Smith says that the God of Moralistic Therapeutic Deism is "something like a combination Divine Butler and Cosmic Therapist." And, on page 11: "Moralistic Therapeutic Deism is not just an inadequate version of Christianity. It's a different religion."

9. Thanks to all who've been sending me material on the Intelligent Design movement, an example of "reframing" that's becoming a hot media item. (You may have heard the feature about ID in Kansas on National Public Radio recently.) Kathe Rauch sent me a copy of "The Crusade Against Evolution," by Evan Ratliff, on pp. 157-161 and 202-203 of the 10/04 issued of _Wired_. The article begins with an account of a panel appearing before a State Board of Education, on which the two representatives of ID were Stephen Meyer and Jonathan Wells -- both involved with the Discovery Institute conservative think tank. Here's a quote from page 158:

"Meyer and Wells took the typical intelligent design line: Biological life contains elements so complex ... that they cannot be explained by natural selection. And so, the theory goes, we must be products of an intelligent designer. Creationists call that creator God, but proponents of intelligent design studiously avoid the G-word -- and never point to the Bible for answers.
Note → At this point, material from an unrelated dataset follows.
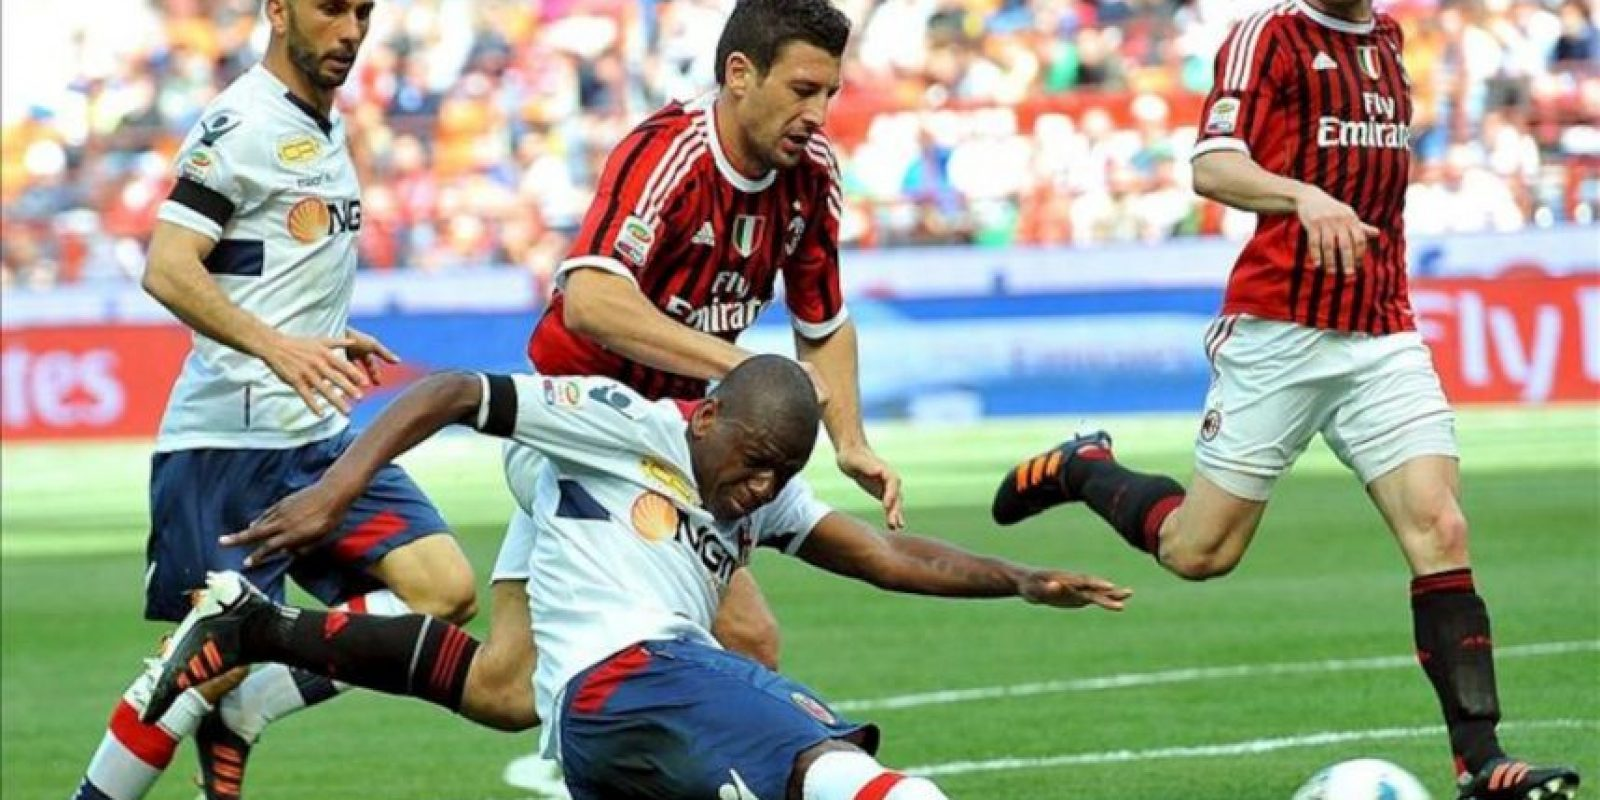 Daniele Bonera (c, detrás), jugador del Milán, intenta evitar el lanzamiento de Gaby Mudingayi (c, delante), del Bolonia, durante el partido de Serie A de la liga italiana de fútbol que enfrentó a sus equipos en el estadio Giuseppe Meazza de Milán, Italia. EFE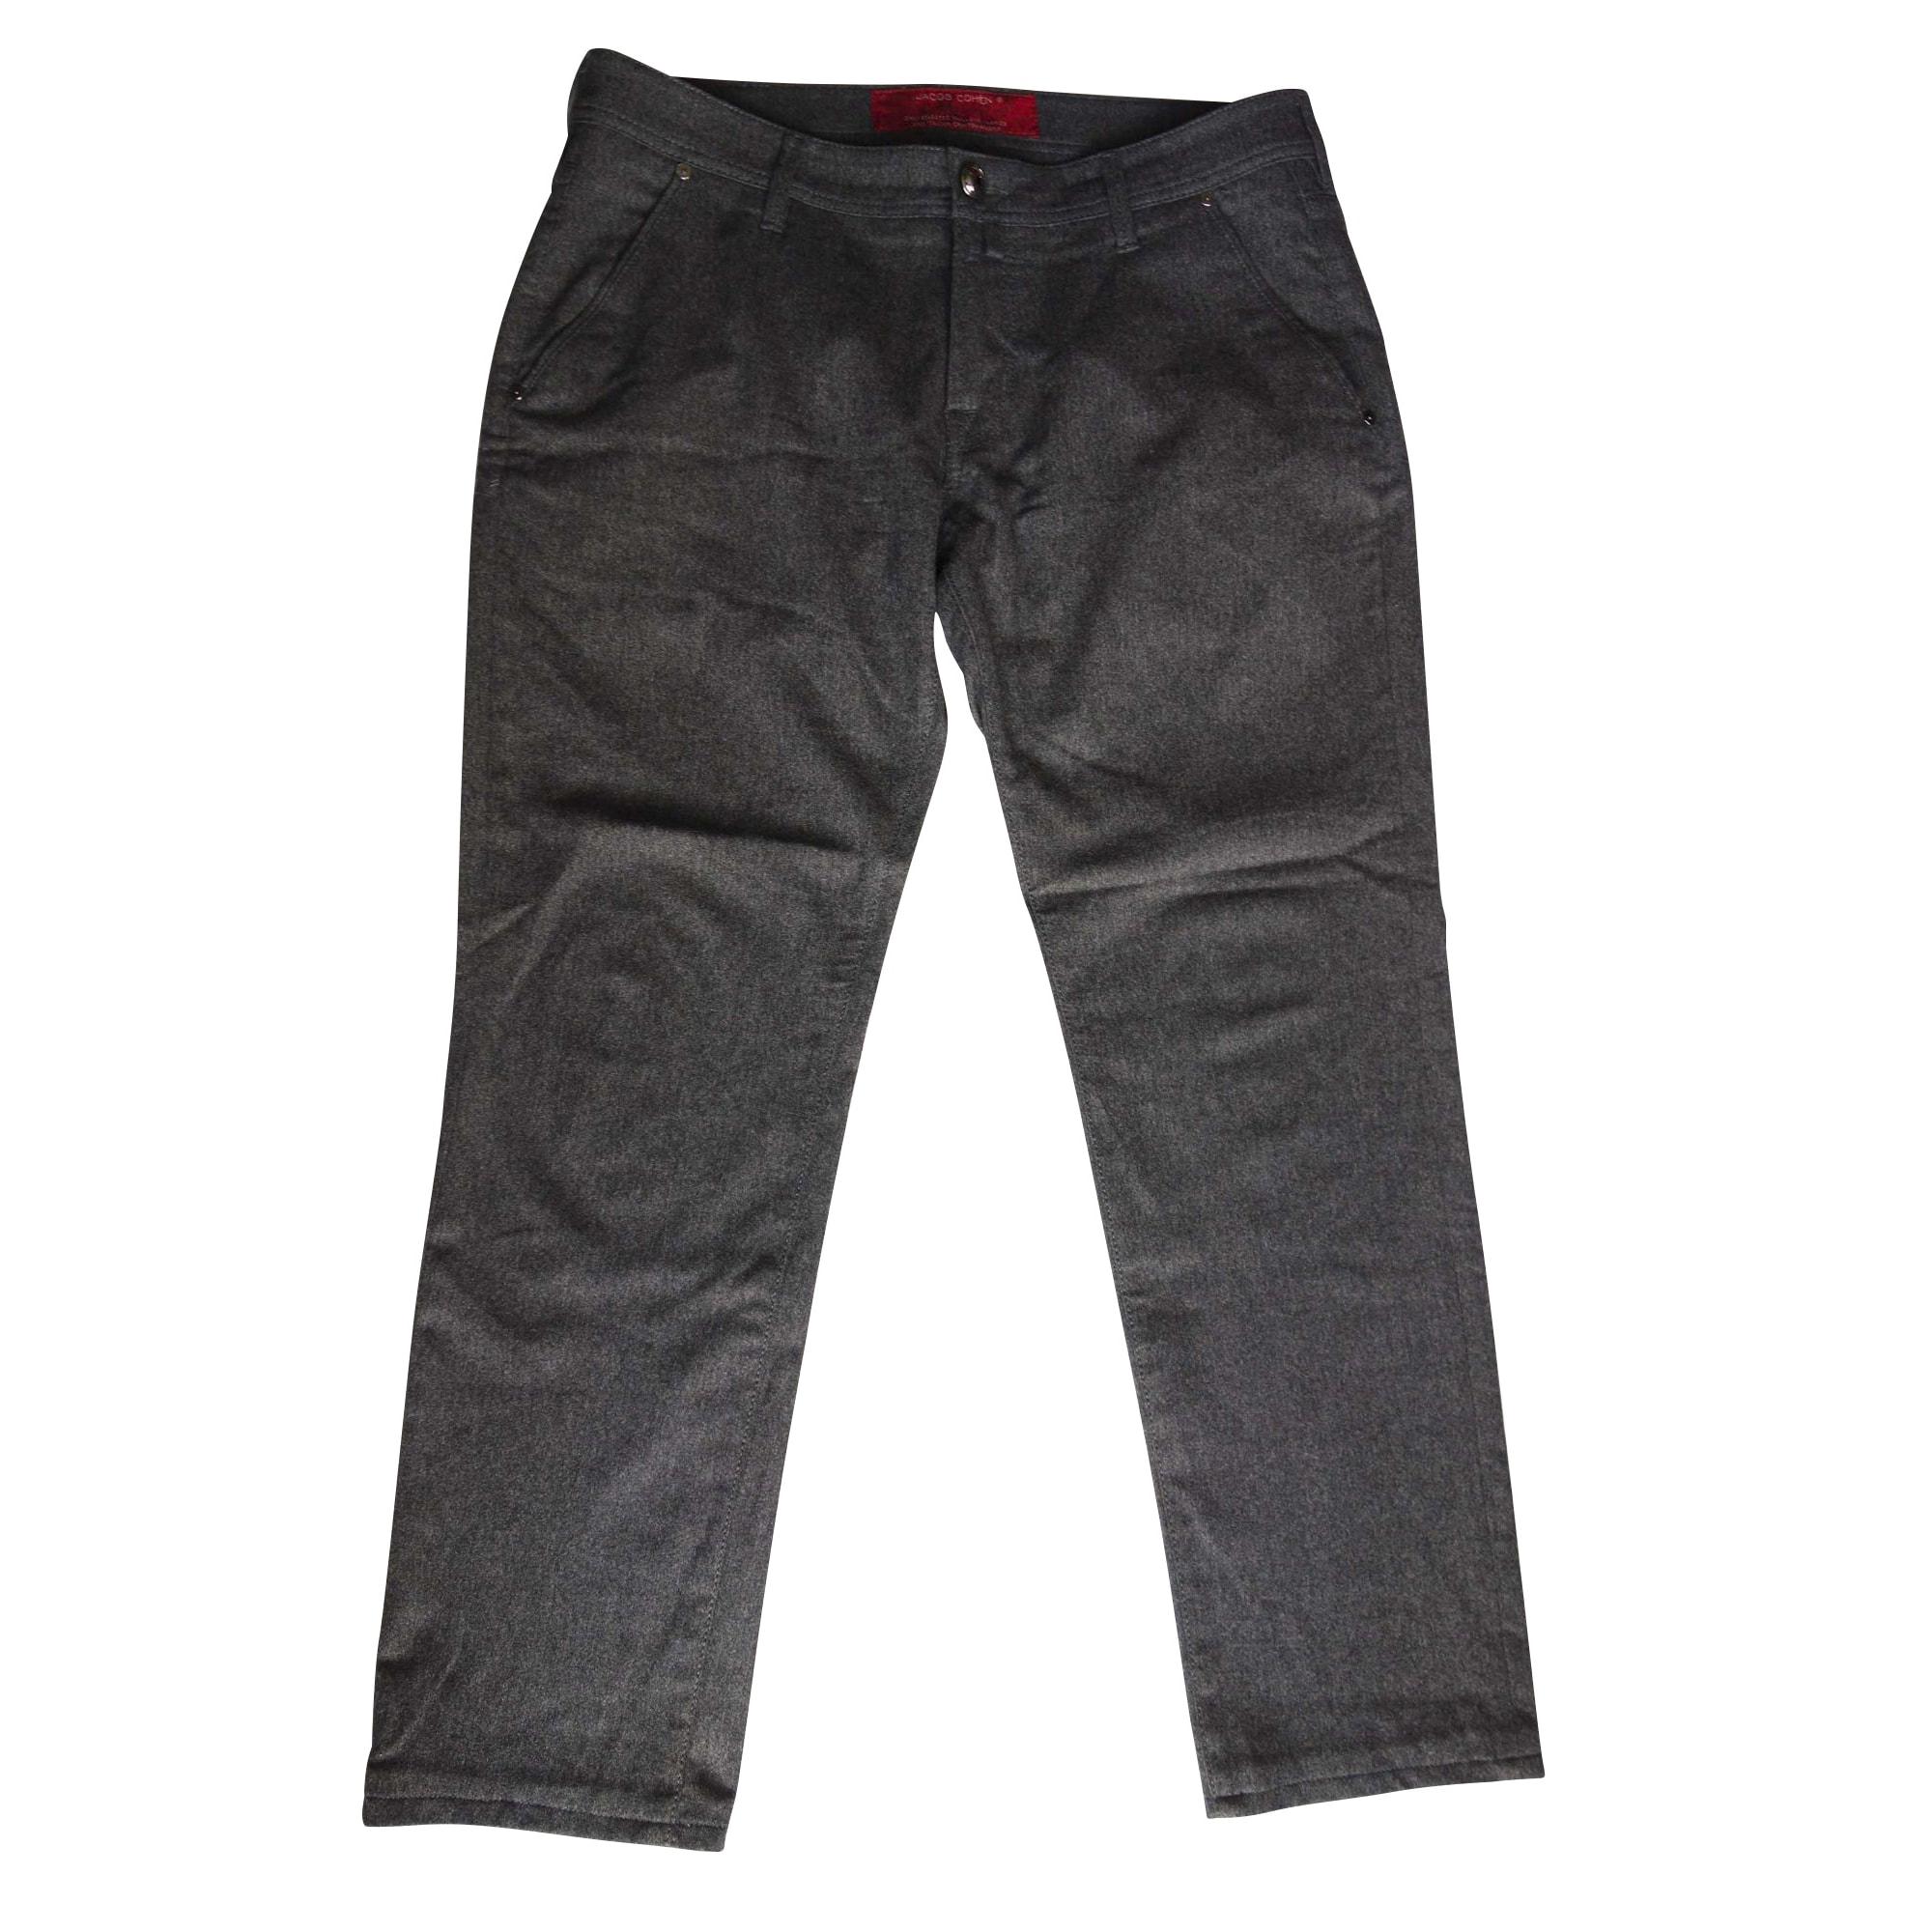 Jeans droit JACOB COHEN Gris, anthracite

Instead, ID believers speak the language of science... "

I'm a little puzzled by the way scientists who support evolution have been handling the Intelligent Design movement. I don't know why they feel that standing around (in person and in print and online) bellowing that ID is nonsense -- all the while allowing the ID proponents to maintain their lofty attitude of dignity and detachment -- is an effective strategy. If ID is nonsense, it's not worth the waste of the scientists' time and effort; if it's not nonsense, it should be refuted like any other competing theory. Bellowing won't do it. It's interesting, however, to see scientific language being used as a method for furthering religious language.

[From _PEN Weekly NewsBlast_ for 1/28/05, on this same topic:
"The intellectual underpinnings of the latest assault on Darwin's theory come not from Bible-wielding Fundamentalists but from well-funded think tanks promoting a theory they call intelligent design, or I.D. for short. Their basic argument is that the origin of life, the diversity of species and even the structure of organs like the eye are so bewilderingly complex that they can only be the handiwork of a higher intelligence (name and nature unspecified). ... But the mainstream scientific community contends that this seemingly innocuous agenda is actually a stealthy way of promoting religion." See http://www.time.com/ time/magazine/article/0,9171,1019856-1,00.html .]

10. "Forget all that sentimental gibberish about blessed peacemakers, turning the other cheek, and loving your enemies. If there are references to the Sermon on the Mount among Left Behind's roughly 1 million words, I failed to find them. ... [T]he books portray midwestern suburbanites and born-again Israeli converts as Warrior Jesus' allies in an apocalyptic struggle against a U.N.-anointed 'World Potentate.' ... Yet the media's response to all of this nonsense has been remarkably polite. In America, of course, with commercial success comes a degree of cultural respectability."

This is Gene Lyons, reviewing four of the titles in Tim LaHaye and Jerry B. Jenkin's _Left Behind_ series, and Barbara R. Rossing's _The Rapture Exposed_, on pp. 85-90 of the 11/04 _Harper's_. As will be obvious from the quotation above (on page 85), Lyons does not subscribe to the idea that the series has cultural respectability.

And on page 90: "While daydreaming about Armageddon, most readers, I'm guessing, are also signing off on thirty-year mortgage notes and keeping their life insurance up to date."

I'm sure that's true. Just as religious people who leave their umbrellas at home because they've prayed for sunshine are exceedingly rare.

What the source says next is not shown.